Только одно интересует меня, – эта мучительная борьба, происходящая во мне самом; эта болезнь, благодаря которой все существо мое раздвояется и воля моя находится в вечном раздоре сама с собой; в этом вся моя жизнь. Следовательно, я живу внутри себя, своею внутреннею жизнью, и следовательно… одна мне дорога – в море.
* * *В течение некоторого времени я отважно выдерживал эту борьбу, жалкую борьбу, в которой все теряешь, даже побеждая; борьбу во имя долга, в которой безмолвно молишь Бога о поражении, потому что победить значит: лишиться многообещающего шанса в жизни.
И я боролся, и боролся, к вечеру совсем выбивался из сил, но на утро вставал с новою решимостью.
Но вот, сегодня встречаемся мы на улице, и фьють! – вся моя решимость разлетается в прах.
Я приглашаю ее в кондитерскую и с полчаса сижу там и ухаживаю за нею. Затем – прогулка; и все опять вошло в свою колею.
Я чувствую себя, как падший темплиер, ужасно счастливым и несколько смущенным. Хотя в сущности удовольствие не так уж велико… Я мог-бы и не возобновлять этого! Вся моя долгая борьба пропала даром. Но, слава Богу, слава Богу; хоть на время кончились все эти муки; меня ждут долгие отрадные дни…
Но как-же это будет? Этого я не знаю.
* * *Она уже не дитя. Она должна сама заботиться о своей репутации. Я и то чересчур даже старался обратить на это её внимание; она знает, чем она рискует. В таком случае это уж не мое дело. Она также прекрасно знает, что я не имею намерения каким-либо образом вознаградить ее за это. Я поступаю откровенно и ясно, и не могу навлечь на себя никакого порицания.
Но не думает-ли она, что я в конце-концов все-таки женюсь на ней? У женщин ведь своя логика.
Или-же она играет va banque? Или пан или пропал? Может быть она решила заполучить себе «наилучшаго» мужа, а получить его она не может иначе, как заставив порядочного человека настолько скомпрометировать ее, чтобы, как джентльмен, он вынужден был наконец жениться на ней?
В таком случае все расчеты её будут обмануты. Она опасна для меня лишь на расстоянии.
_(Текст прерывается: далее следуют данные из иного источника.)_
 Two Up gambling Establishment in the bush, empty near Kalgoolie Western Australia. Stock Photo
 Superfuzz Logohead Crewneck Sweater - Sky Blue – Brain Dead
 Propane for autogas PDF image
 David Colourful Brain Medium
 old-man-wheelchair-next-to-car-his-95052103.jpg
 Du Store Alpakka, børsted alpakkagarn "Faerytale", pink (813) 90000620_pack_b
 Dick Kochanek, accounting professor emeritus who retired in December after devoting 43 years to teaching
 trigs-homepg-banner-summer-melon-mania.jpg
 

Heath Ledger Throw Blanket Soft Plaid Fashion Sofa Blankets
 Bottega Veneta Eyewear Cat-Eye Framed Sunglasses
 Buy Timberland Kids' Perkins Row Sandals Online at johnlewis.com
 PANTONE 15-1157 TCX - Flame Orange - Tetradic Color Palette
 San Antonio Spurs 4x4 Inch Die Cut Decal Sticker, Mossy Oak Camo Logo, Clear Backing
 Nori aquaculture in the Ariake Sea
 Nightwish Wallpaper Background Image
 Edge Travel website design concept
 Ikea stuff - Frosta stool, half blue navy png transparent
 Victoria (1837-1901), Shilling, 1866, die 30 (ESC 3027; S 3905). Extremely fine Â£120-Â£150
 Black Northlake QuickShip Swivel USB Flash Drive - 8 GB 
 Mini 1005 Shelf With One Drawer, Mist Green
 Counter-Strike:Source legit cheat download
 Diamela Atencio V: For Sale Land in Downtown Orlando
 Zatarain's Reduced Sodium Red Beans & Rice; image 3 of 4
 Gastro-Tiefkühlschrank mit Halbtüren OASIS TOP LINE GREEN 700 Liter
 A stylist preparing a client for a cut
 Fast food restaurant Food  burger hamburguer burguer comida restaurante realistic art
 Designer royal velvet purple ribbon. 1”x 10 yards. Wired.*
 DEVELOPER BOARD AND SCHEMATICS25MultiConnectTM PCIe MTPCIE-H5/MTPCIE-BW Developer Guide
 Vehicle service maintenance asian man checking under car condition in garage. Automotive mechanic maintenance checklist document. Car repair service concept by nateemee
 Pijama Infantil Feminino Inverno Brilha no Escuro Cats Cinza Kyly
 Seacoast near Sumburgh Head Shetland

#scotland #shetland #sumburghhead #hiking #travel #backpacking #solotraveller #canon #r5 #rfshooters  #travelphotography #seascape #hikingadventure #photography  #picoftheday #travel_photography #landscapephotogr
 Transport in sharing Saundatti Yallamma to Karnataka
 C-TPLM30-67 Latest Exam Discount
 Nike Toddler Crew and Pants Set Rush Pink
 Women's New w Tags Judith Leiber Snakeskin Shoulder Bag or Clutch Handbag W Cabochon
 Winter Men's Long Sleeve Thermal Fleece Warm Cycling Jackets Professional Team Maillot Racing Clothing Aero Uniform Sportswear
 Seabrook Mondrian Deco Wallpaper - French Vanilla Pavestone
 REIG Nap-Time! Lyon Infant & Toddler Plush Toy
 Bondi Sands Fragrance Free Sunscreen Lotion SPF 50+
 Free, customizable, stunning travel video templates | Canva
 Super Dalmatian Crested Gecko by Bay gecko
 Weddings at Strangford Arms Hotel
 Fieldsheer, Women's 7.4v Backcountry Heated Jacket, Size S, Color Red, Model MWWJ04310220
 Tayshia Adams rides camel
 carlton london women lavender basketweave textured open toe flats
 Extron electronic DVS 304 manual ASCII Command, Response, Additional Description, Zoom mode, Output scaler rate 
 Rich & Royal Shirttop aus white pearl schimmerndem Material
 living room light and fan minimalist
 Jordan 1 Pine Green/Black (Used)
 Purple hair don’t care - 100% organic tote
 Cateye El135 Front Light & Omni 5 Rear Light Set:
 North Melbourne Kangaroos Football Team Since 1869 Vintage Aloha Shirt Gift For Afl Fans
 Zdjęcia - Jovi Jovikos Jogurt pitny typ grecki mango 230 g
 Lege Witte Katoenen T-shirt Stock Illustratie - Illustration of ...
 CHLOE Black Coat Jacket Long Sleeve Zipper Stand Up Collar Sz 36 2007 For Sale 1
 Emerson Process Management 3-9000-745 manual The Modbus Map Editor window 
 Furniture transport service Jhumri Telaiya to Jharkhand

* * *Почему не хочет она высказаться? Она настолько умна и теперь уже настолько знает меня, что могла-бы быть уверена в том, что признание её не повредит ей в моих глазах.
Должно быть, это что-нибудь очень дурное, раз она не решается признаться после всего того, что я высказывал при ней. Или-же она просто-напросто смотрит на меня, как на постороннее лицо, которого подобные вещи вовсе не касаются.?..
* * *Мы бродим по улицам и с длинными перерывами говорим о совершенно не интересных для нас вещах. Может быть, оба мы думаем в это время об одном и том-же; но одна не решается заговорить, а другой сам не знает, чего он хочет…
Время от времени я возобновляю попытку заставить ее говорить о самой себе. Постоянно неудачно.
– …Кто-же был следующим вашим другом… после Оза, хочу я сказать.
– Студент Ухерман.
– Он тоже был влюблен в вас?
– Да, к сожалению.
– К сожалению? Разве это… доставляло вам какое-нибудь неудобство? Неужели он…
– Это был самый лучший человек, какого я когда-либо знала. Ему – последнему согласилась-бы я причинить какую-бы то ни было неприятность; но тут ничего нельзя было сделать.
– А следующий?
– Следующий?.. Друг, хотите вы сказать? Он был последний. Остальные – только «знакомые».
Продолжительное молчание. Итак, не причисляет-ли она и меня к последнему классу? Во всяком случае, я не «лучший человек», которого она когда-либо знала.
* * *До колоссальности легко дурачить людей. Стоит только сделать известную мину – и все ей поверят.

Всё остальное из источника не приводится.